Риччо похлопал себя спереди по брюкам.
— Останется без работы мой драчун.
— Ничего, он еще возьмет свое, — сказал Чезаре с улыбкой.
— Ты смеешься, а вот Миранда нашла одного детину, который мог бы устроить меня на военный завод в Марелли. Тогда мне дали бы броню.
— Только не говори, что ты отказался из-за любви к родине.
— При чем тут родина? Моя родина там, где есть лира, а на фронте, там лиры нет.
— Как знать, — вставил Чезаре фатальным тоном.
— И потом, я боюсь. Мне плевать на австрийцев, на немцев, но за свою Миранду я боюсь. Она сумасшедшая, немного распутная, но сердце у нее доброе. А тот детина, что послал бы меня в Марелли, потом развлекался бы с ней. И это единственное, чего я боюсь. Нет уж, лучше пойду в окопы. Тем более, как ты любишь говорить, от судьбы не уйдешь.
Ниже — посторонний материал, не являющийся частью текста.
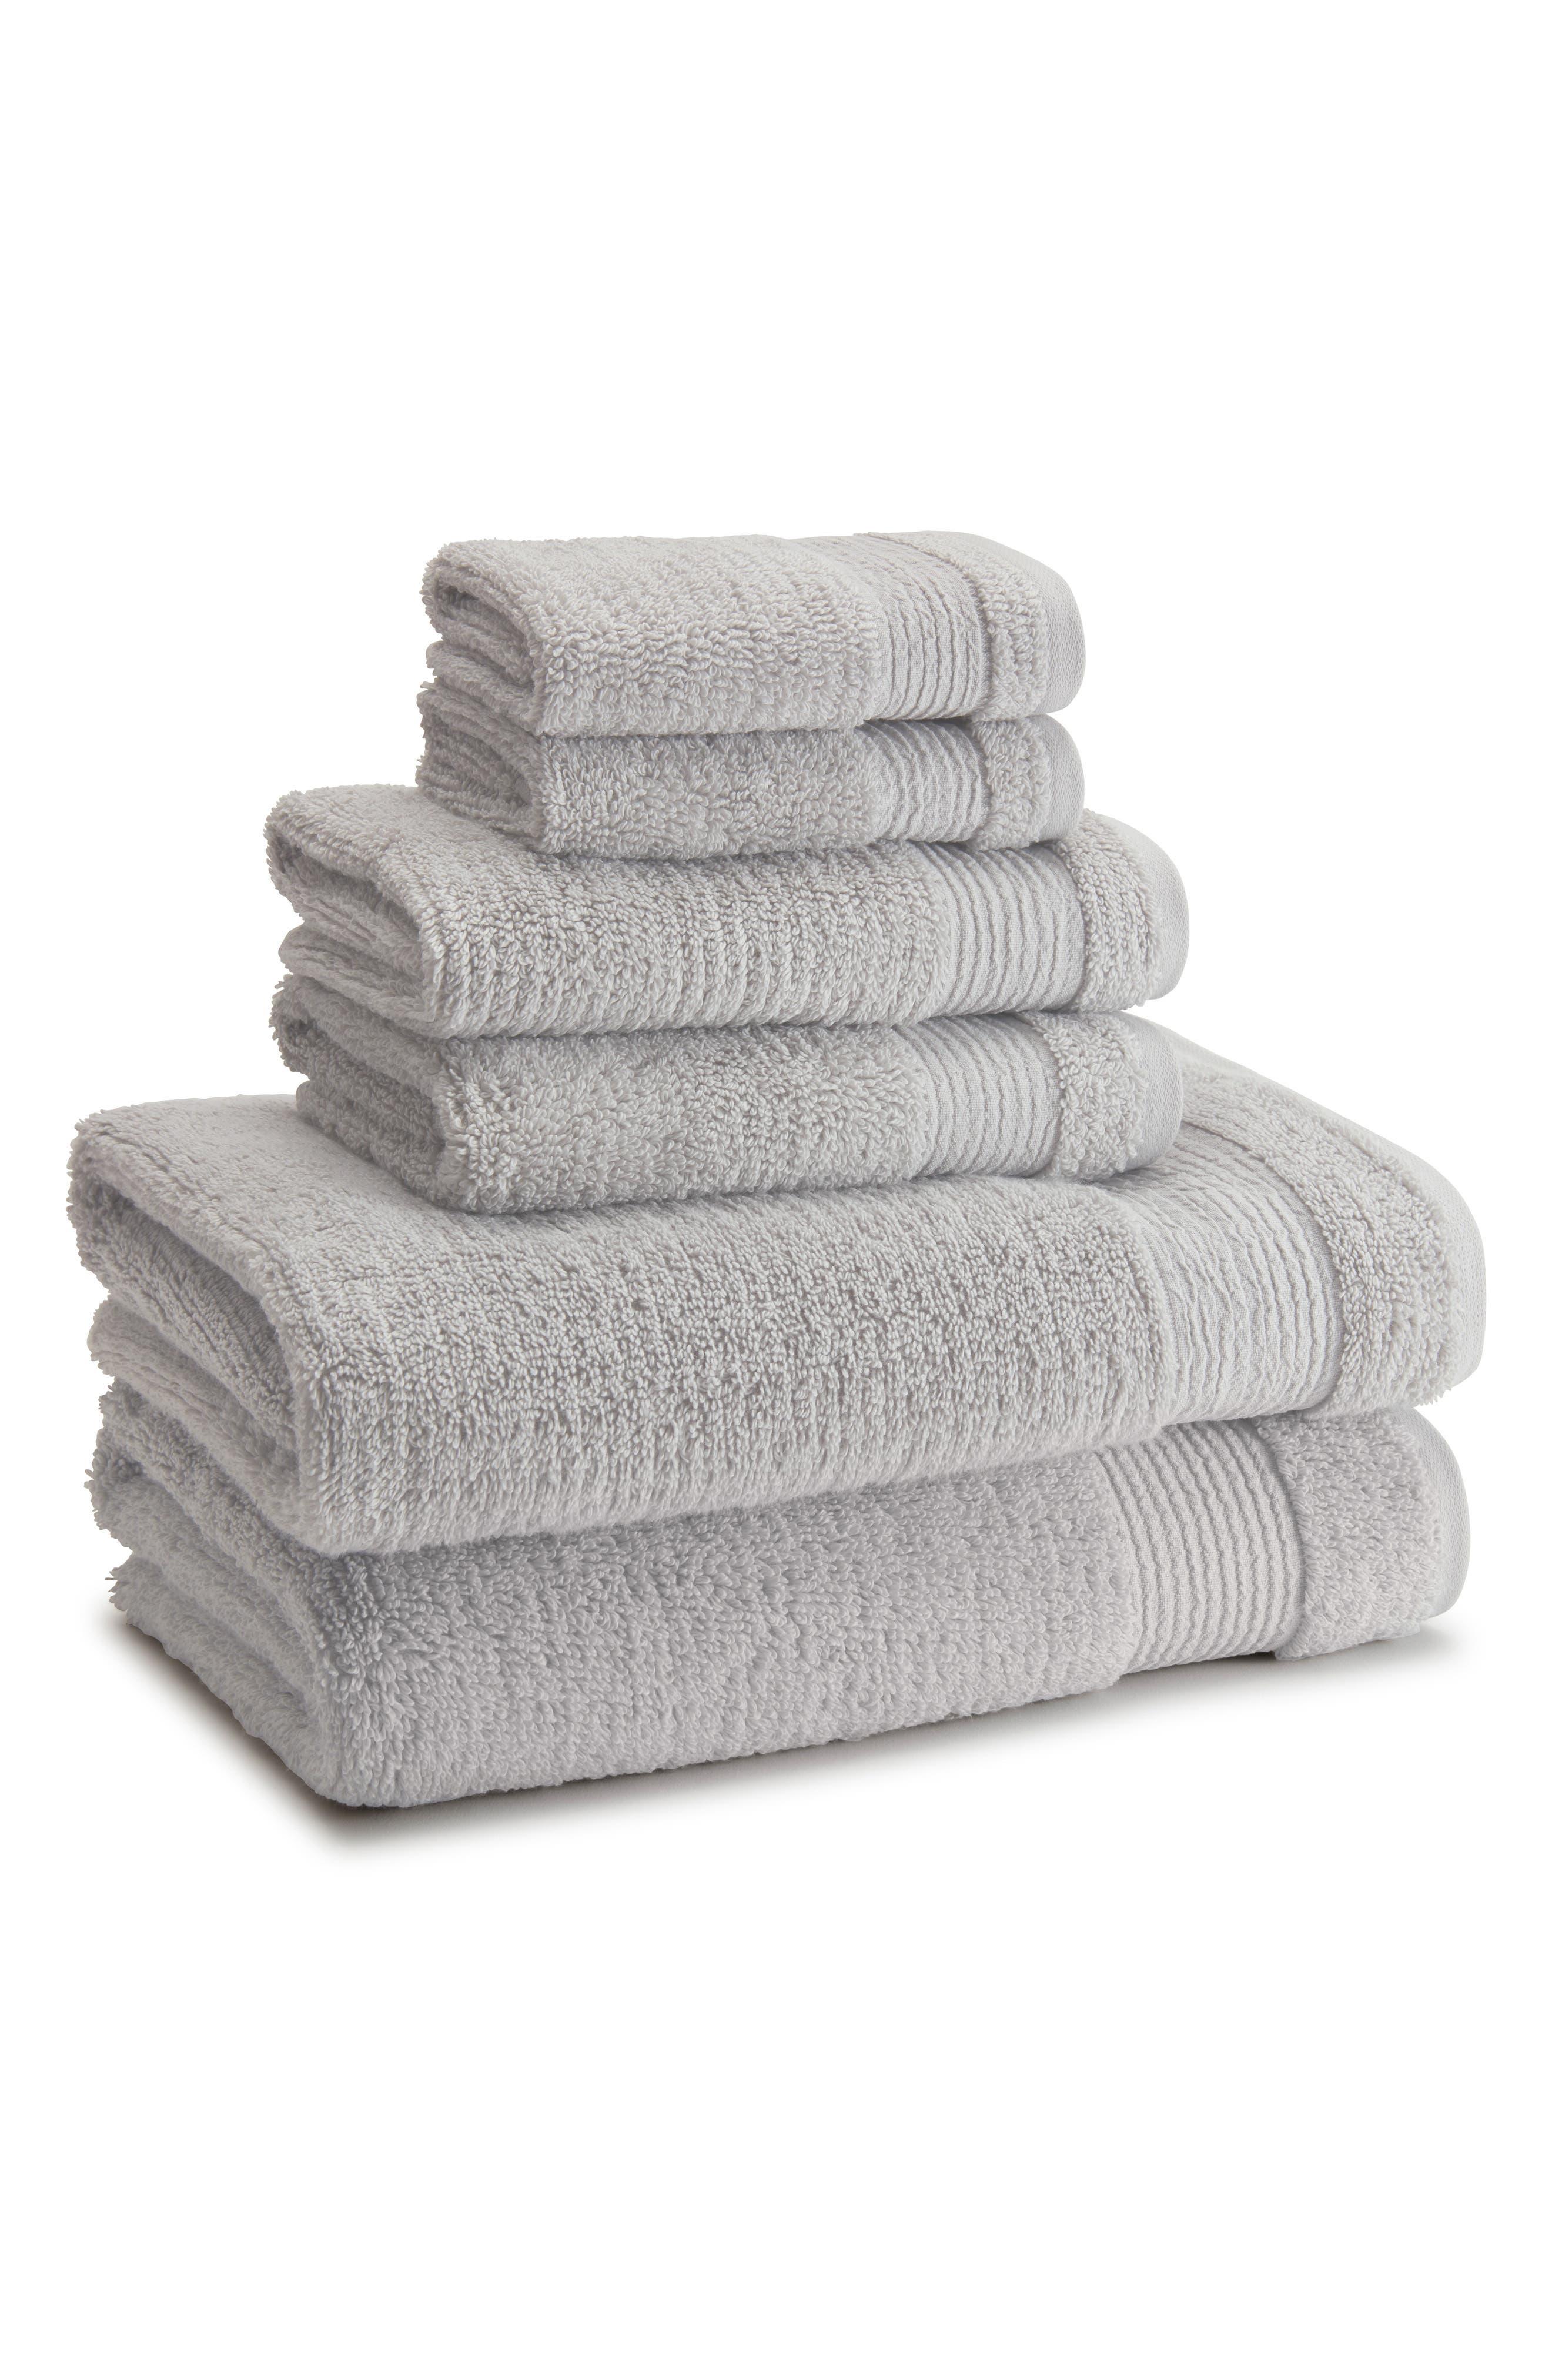 Pergamon Bath Towel,                             Main thumbnail 1, color,                             PLATINUM

— Когда ты уезжаешь? — Чезаре вытащил из жилетного кармашка серебряные часы с эмалевым циферблатом и римскими цифрами. Подкрутил завод и внимательно посмотрел на крышку, словно видел ее в первый раз — свою Фортуну, богиню Судьбы.
— Завтра, ты знаешь. — Предстоящий отъезд делал бесполезными все прочие разговоры, но о делах еще следовало поговорить. Чезаре это знал, но Риччо по привычке завел разговор издалека.
— Попрощаемся, дружище, — сказал он. — Но сделай мне одно одолжение.
— Хоть два, если смогу.
— Ты должен здесь приглядывать за Мирандой. Ты ведь хорошо знаешь ее.
— Как это, хорошо знаю?
— Она не умеет оставаться одна. — Он хотел сказать: «не умеет спать одна», но только подумал, а не сказал. — Она боится одиночества, как ласточки снега.
— Если в этом будет нужда, я присмотрю за ней, — пообещал Чезаре. — Но нужды в этом не будет, она ведь любит тебя.
— Я знаю. — Риччо вдруг сделался тихим и мрачным. — А все-таки…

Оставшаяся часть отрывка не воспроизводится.